Колькину маму никто по имени-отчеству не величал, все, даже ребята, называли ее просто Лелей… «Вот придет наша Леля с работы, мы вам покажем!» — кричали они волейболистам соседнего двора. И Колька ходил гордый, будто это он сам умел гасить так, что все игроки по ту сторону сетки боязливо приседали на корточки; будто он сам умел принимать труднейшие мячи, а подавал так, что мяч стремительным черным ядром пролетал в нескольких миллиметрах над сеткой, чудом умудряясь не задеть ее.

Мама выбегала во двор в узких спортивных брюках и в тенниске. Болельщики встречали ее нетерпеливым гулом радости, но она прежде всего разыскивала Кольку и усаживала его в самый первый ряд зрителей: на садовую скамейку, на забор или прямо на траву… И тут уж Колька сидел скромно, строго, не выражая своего торжества, а только изредка обменивался взглядами с мамой, которая, казалось, молча спрашивала его: «Ну, как? Ты доволен мною?»

Это было давно, в далеком северном городе, откуда Колька уже уехал, но он помнил все очень ясно и знал, что не забудет этого никогда…

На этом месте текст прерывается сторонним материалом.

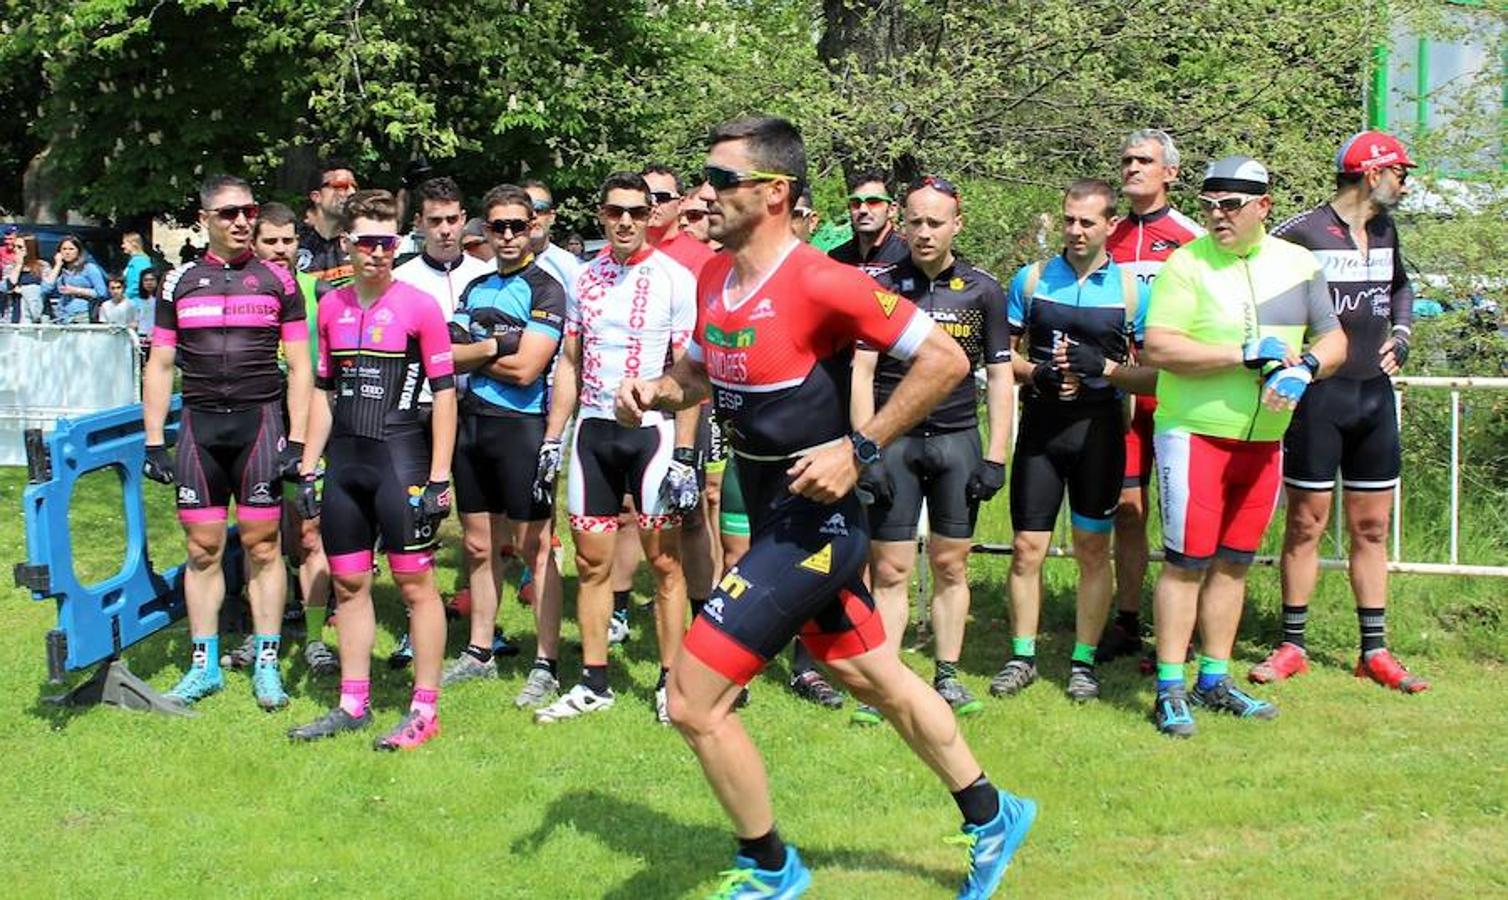 Imágenes correspondientes al Duatlón Cross Carrasquedo que se ha celebrao en Grañón y que ha sido valedero para el Campeonato de La Rioja de la modalidad. El día ha sido óptimo para la celebración de la prueba deportiva sobre un trazado de 6km-22km y 3km.

Отец был намного старше мамы. Он не умел играть в волейбол, плавать диковинным стилем баттерфляй и бегать на лыжах так хорошо, как умела мама. И мама почему-то не заставляла его учиться всему этому. Но зато она научила его тоже ходить в спортивной майке с распахнутым воротом, долго гулять перед сном и делать по утрам гимнастику (она вытаскивала на середину комнаты сразу три коврика — для себя, для отца и, совсем маленький, для Кольки.

А еще она научила отца судить волейбольные матчи. И когда отец со свистком во рту усаживался сбоку возле сетки, он тоже казался Кольке, а может быть, и всем остальным, совсем молодым человеком. И его в те минуты тоже хотелось называть просто по имени… Хотя никто его все же так не называл.

Зато вслед за мамой все уважительно именовали его: «О, справедливейший из справедливых!» И папин свисток был для спортсменов законом. Возвращаясь домой после волейбольного сражения или вечерней прогулки, отец часто говорил маме: «Мне снова легко дышится… Снова легко!» И это было очень важно для отца, потому что у него была бронхиальная астма.

Ну, а дома судьей была мама. Она никогда не давала громкого свистка, никогда не напоминала вслух о правилах жизни, но отец и Колька всегда весело и добровольно подчинялись ее решениям, потому что эти решения были справедливы. Мама тоже часто повторяла: «Это справедливо!» Или: «Это несправедливо!» И Колька сейчас злился на Олю Воронец еще и за то, что она, как ему казалось, присвоила любимое мамино слово.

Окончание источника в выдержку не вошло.